Dr. Dyer's book is Change your Thoughts--Change Your Life: Living the Wisdom of the Tao.
Today, I am focusing on verse 51 of the Tao Te Ching, particularly these portions:
The Way connects all living beings to their Source.
It springs into existence,
unconscious, perfect, free;
takes on a physical body;
lets circumstances complete it.
Therefore all beings honor the Way
and value its virtue...
The Tao gives them life.
Virtue nourishes and nurtures them,
rears and shelters and protects them.
The Tao produces but does not possess;
the Tao gives without expecting;
the Tao fosters growth without ruling.
This is called hidden virtue.
Can a person parent (rear, shelter, foster growth) without a heavy hand? Can a person be a friend without being overbearing? Can a child live peaceably with his own parents? Can a leader rule without compromising his beliefs?
What is virtue? What is integrity? What laws govern the individual person? What regulations reside in the mind beyond those of the government? How do we govern ourselves?
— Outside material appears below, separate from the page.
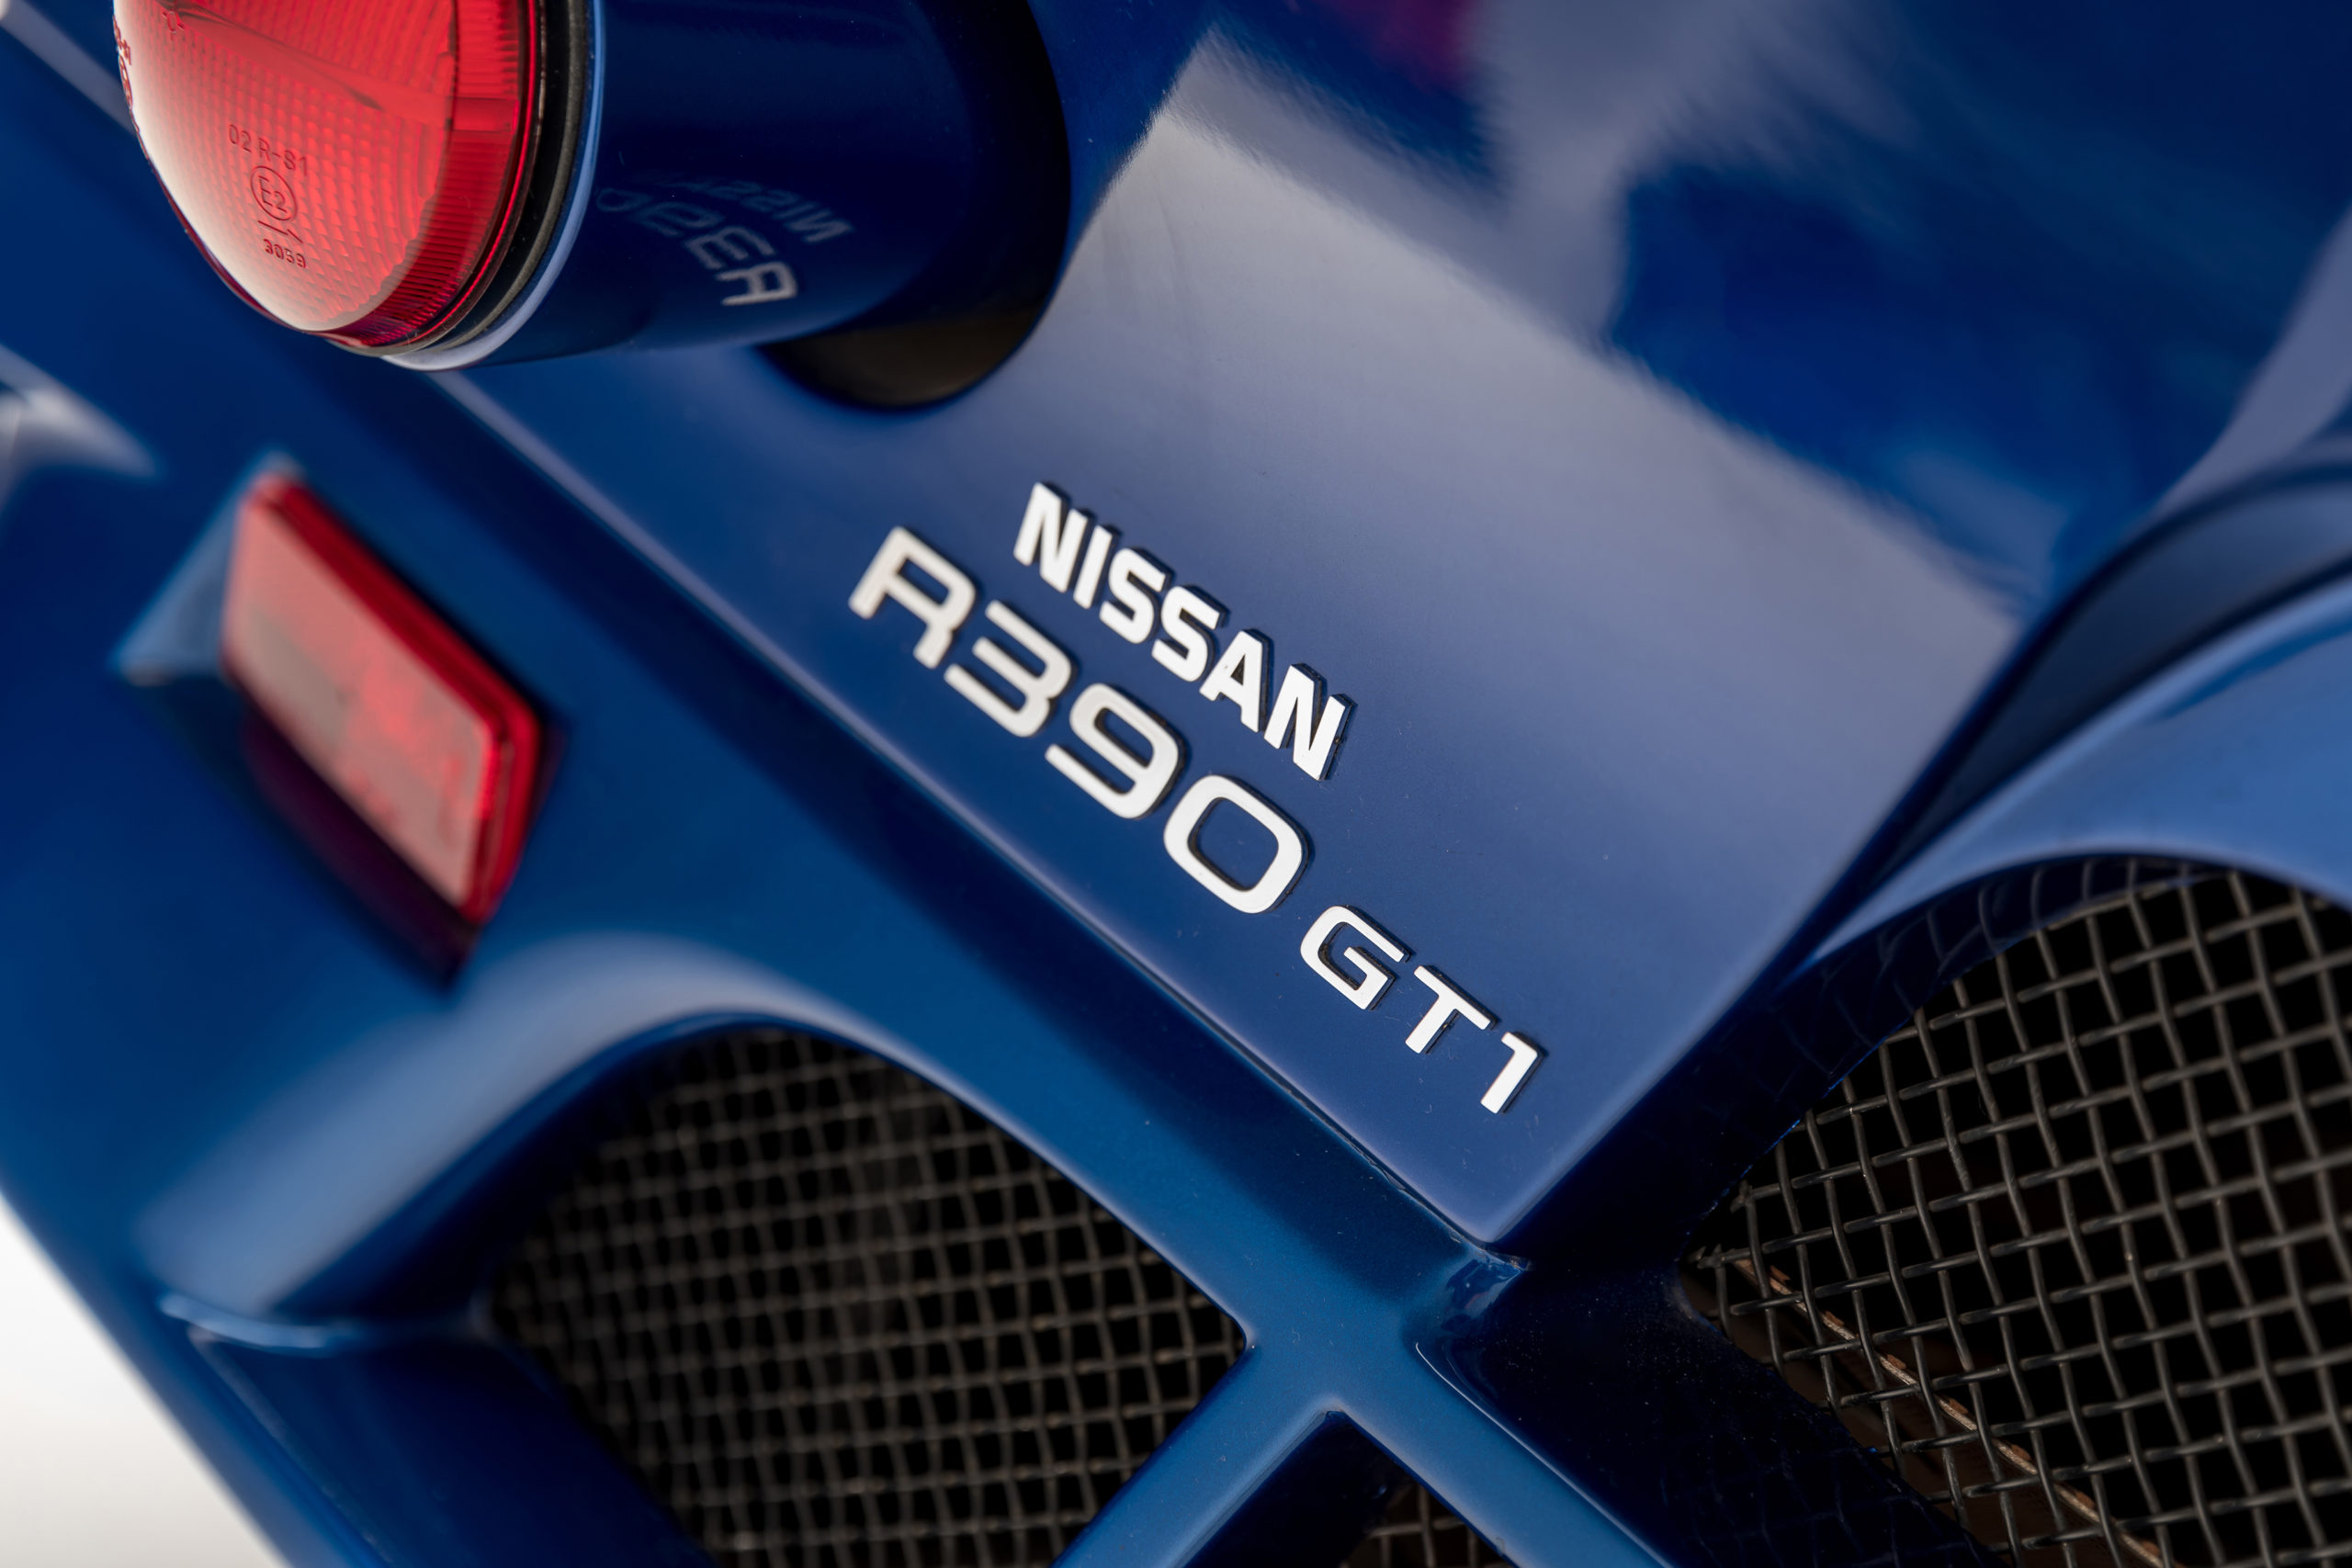 Nissan R390 GT1 logo

These are important questions to consider. In order for me to be the best ME that I can be, I must reflect on how I want to be treated. A very important question to consider is: Do I want to be respected? In other words, "How do I want to be treated?"
I learned in my earlier years to read the body language of a person. I learned how to listen to the voice inflections of people. If I hear someone raise their voice and lean forward, I take notice. That causes me to walk away. I don't engage with such belligerent individuals.
My mother was taught the Golden Rule:
Do unto others as you would have done unto you.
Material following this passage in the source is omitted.